I made Talhamy scold him, by and by, for this piece of voluntary starvation.

“By my prophet!” said he, “am I a pig or a dog, that I should eat when the sitt was fasting?”

It was at Esneh, by the way, that that hitherto undiscovered curiosity, an ancient Egyptian coin, was offered to me for sale. The finder was digging for niter, and turned it up at an immense depth below the mounds on the outskirts of the town. He volunteered to show the precise spot, and told his artless tale with child-like simplicity.
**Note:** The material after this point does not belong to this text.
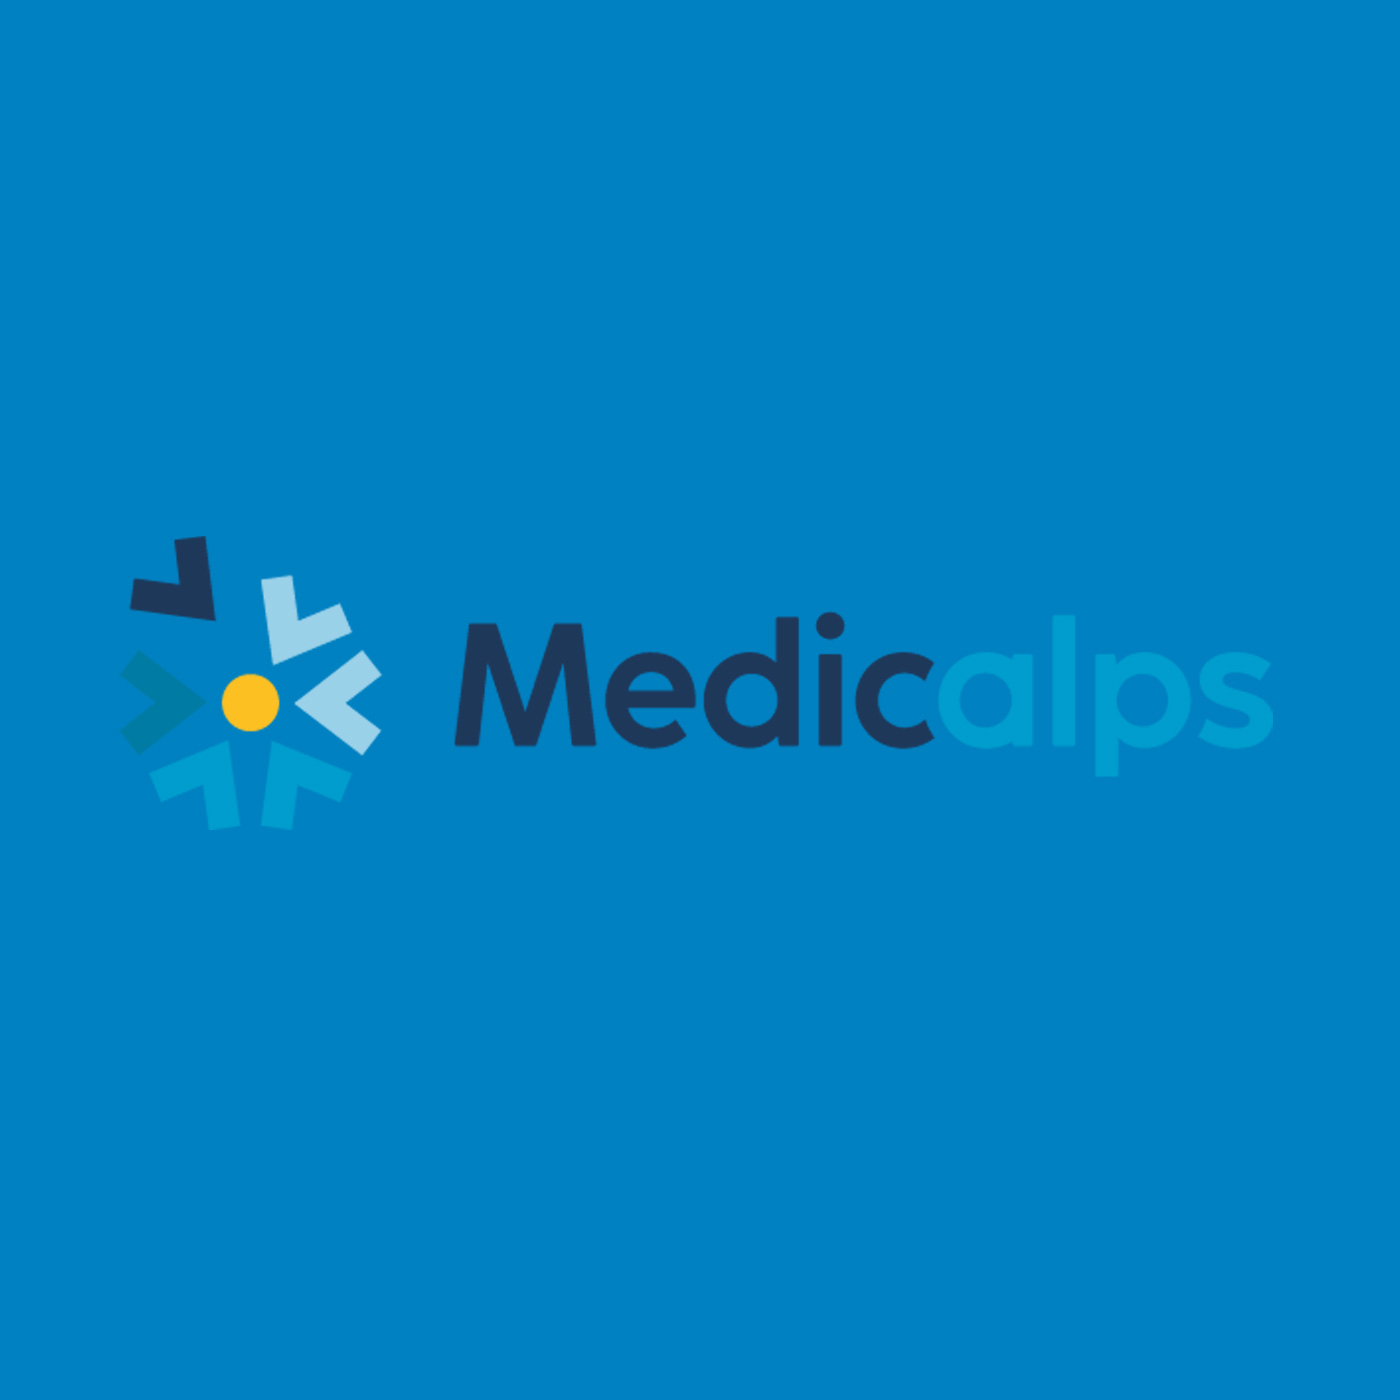 Logo Medicalpes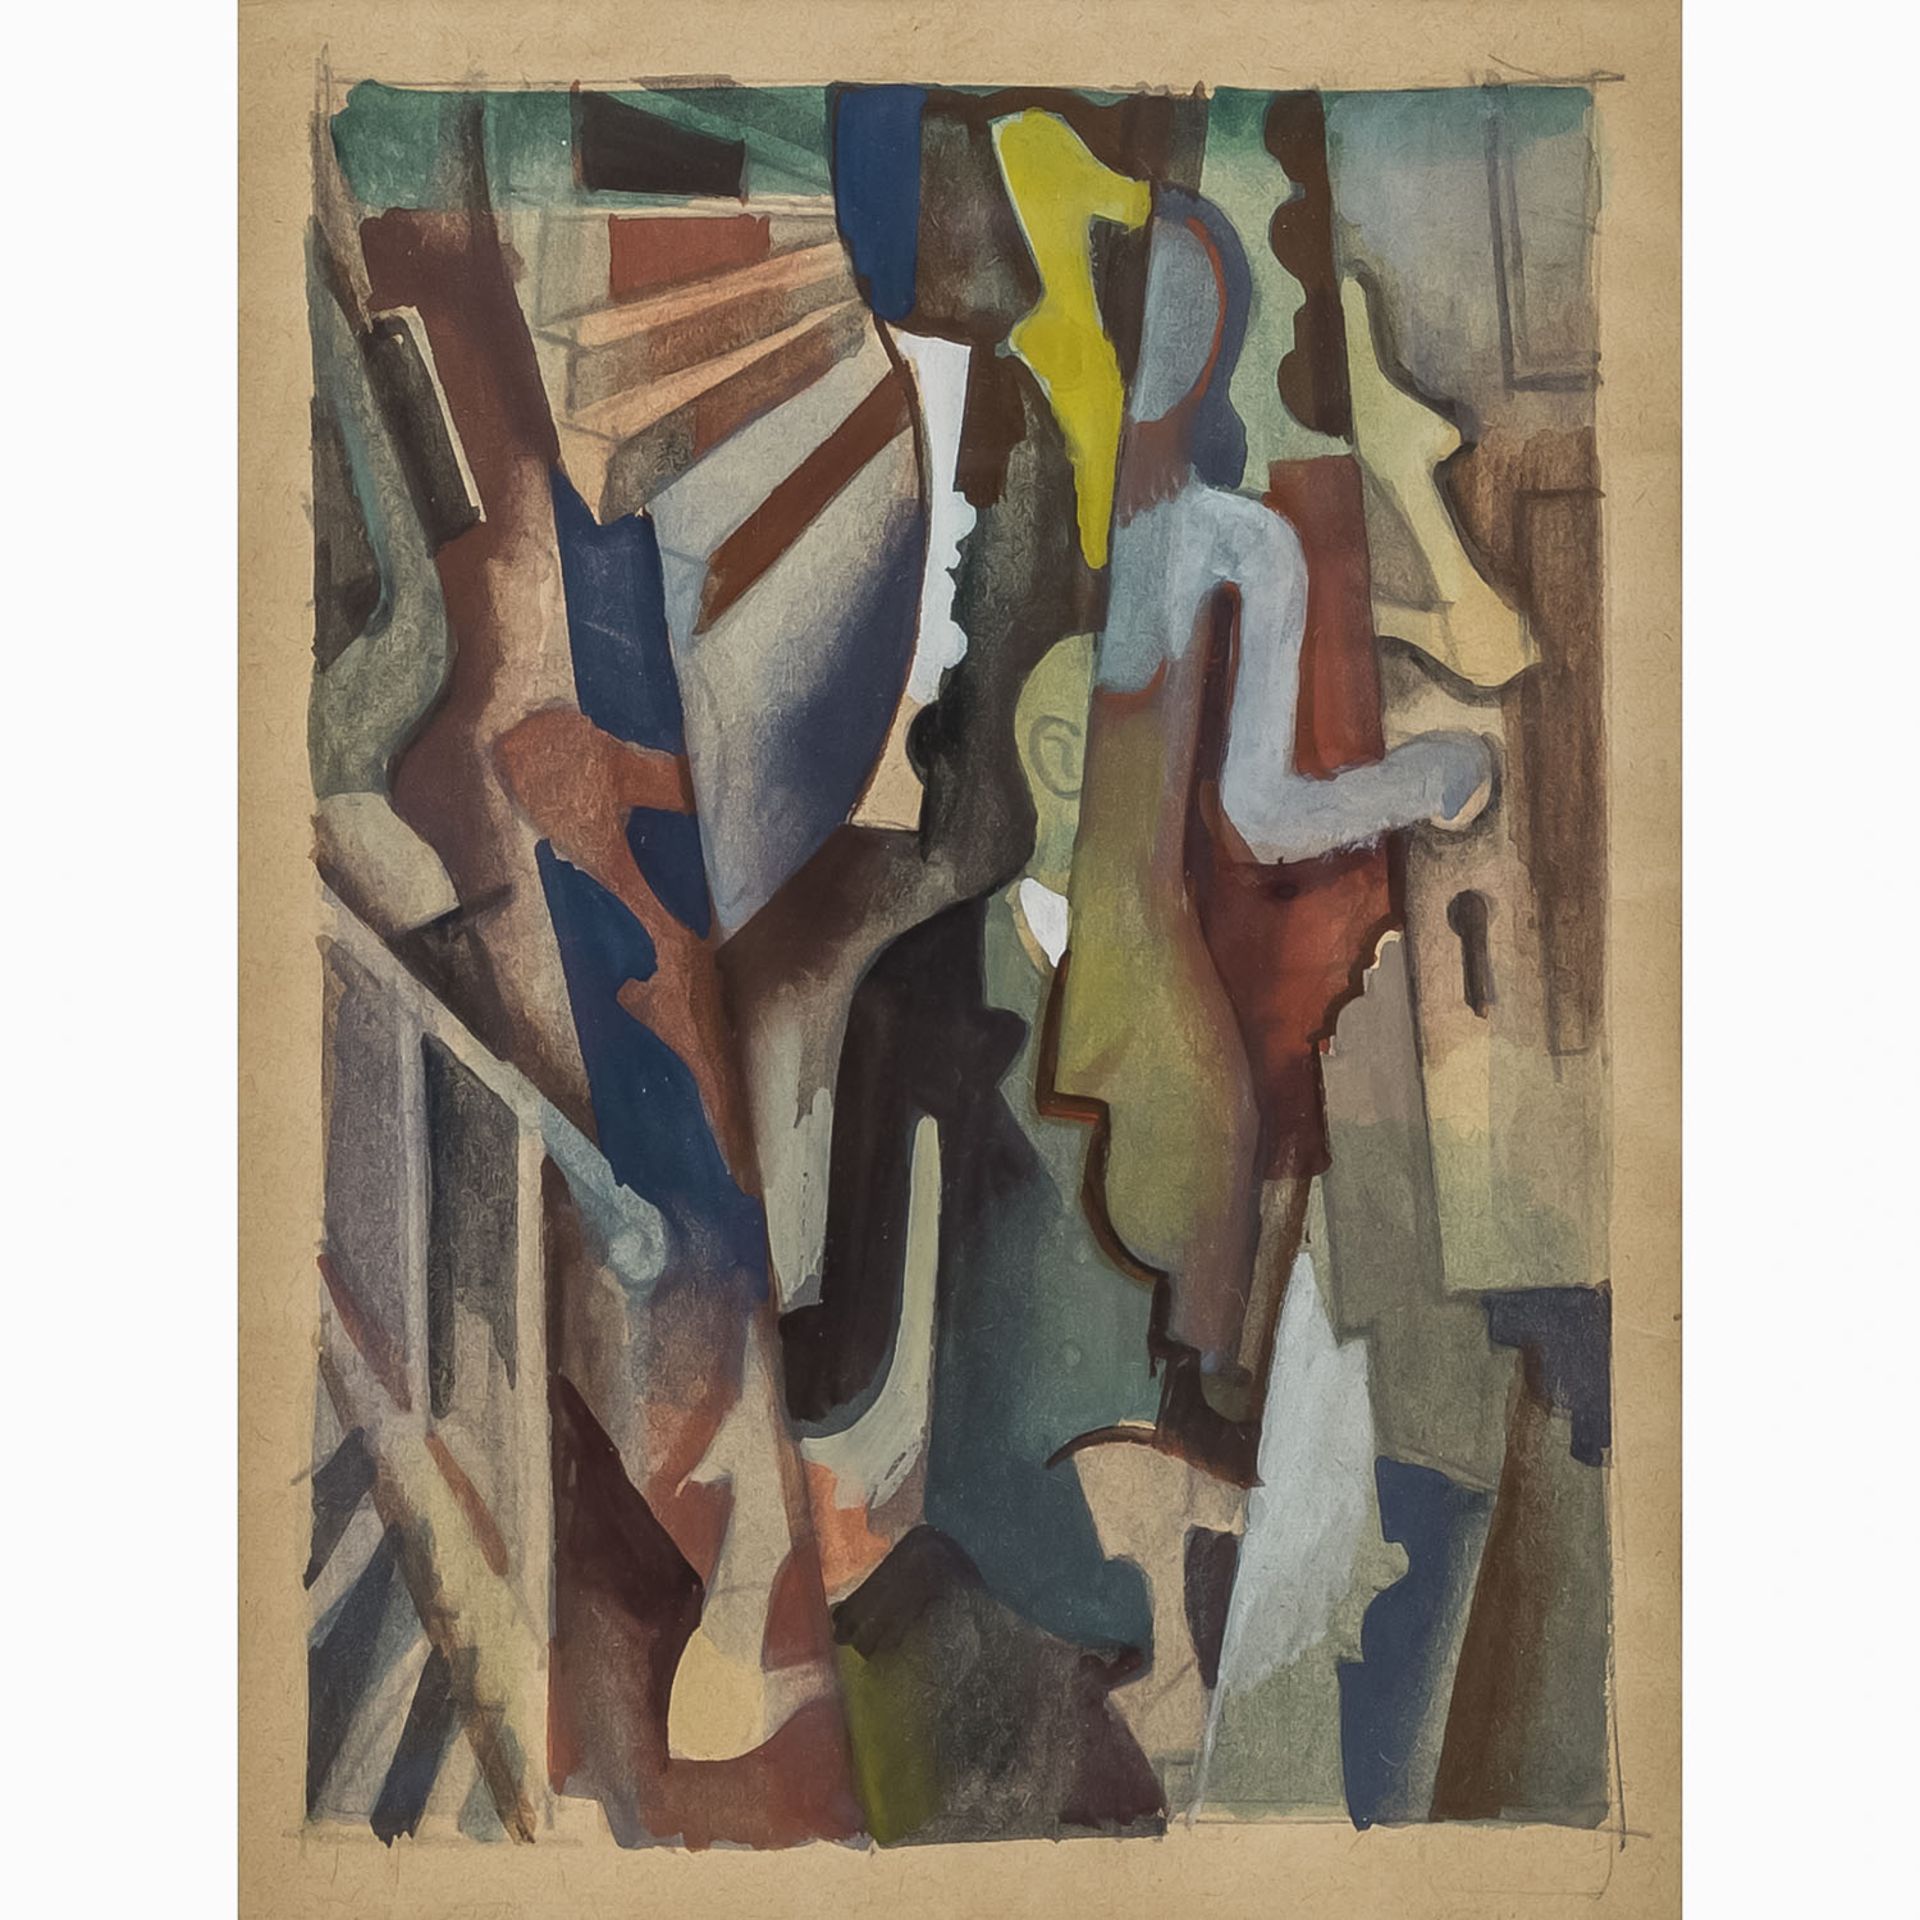 DISCHINGER, RUDOLF (1904-1988) "Abstrakte, futuristische, Komposition"Um 1946, Aquarell und

Unfortunately, however, for the authenticity of this remarkable relic, it bore, together with the familiar profile of George IV, a superscription of its modest value, which was precisely one farthing. On another occasion, when we were making our long stay at Luxor, a colored glass button of honest Birmingham make was brought to the boat by a fellah who swore that he had himself found it upon a mummy in the tombs of the queens at Kûrnet Murraee. The same man came to my tent one day when I was sketching, bringing with him a string of more than doubtful scarabs—all veritable “anteekahs,” of course, and all backed up with undeniable pedigrees.

“La, la [no, no]! bring me no more anteekahs,” I said, gravely. “They are old and worn out, and cost much money. Have you no imitation scarabs, new and serviceable, that one might wear without the fear of breaking them?”

“These are imitations. O sitt!” was the ready answer.

“But you told me a moment ago they were genuine anteekahs.”

“That was because I thought the sitt wanted to buy anteekahs,” he said, quite shamelessly.

“See now,” I said, “if you are capable of selling me new things for old, how can I be sure that you would not sell me old things for new?”

To this he replied by declaring that he had made the scarabs himself. Then, fearing I should not believe him, he pulled a scrap of coarse paper from his bosom, borrowed one of my pencils, and drew an asp, an ibis, and some other common hieroglyphic forms, with tolerable dexterity.

“Now you believe?” he asked, triumphantly.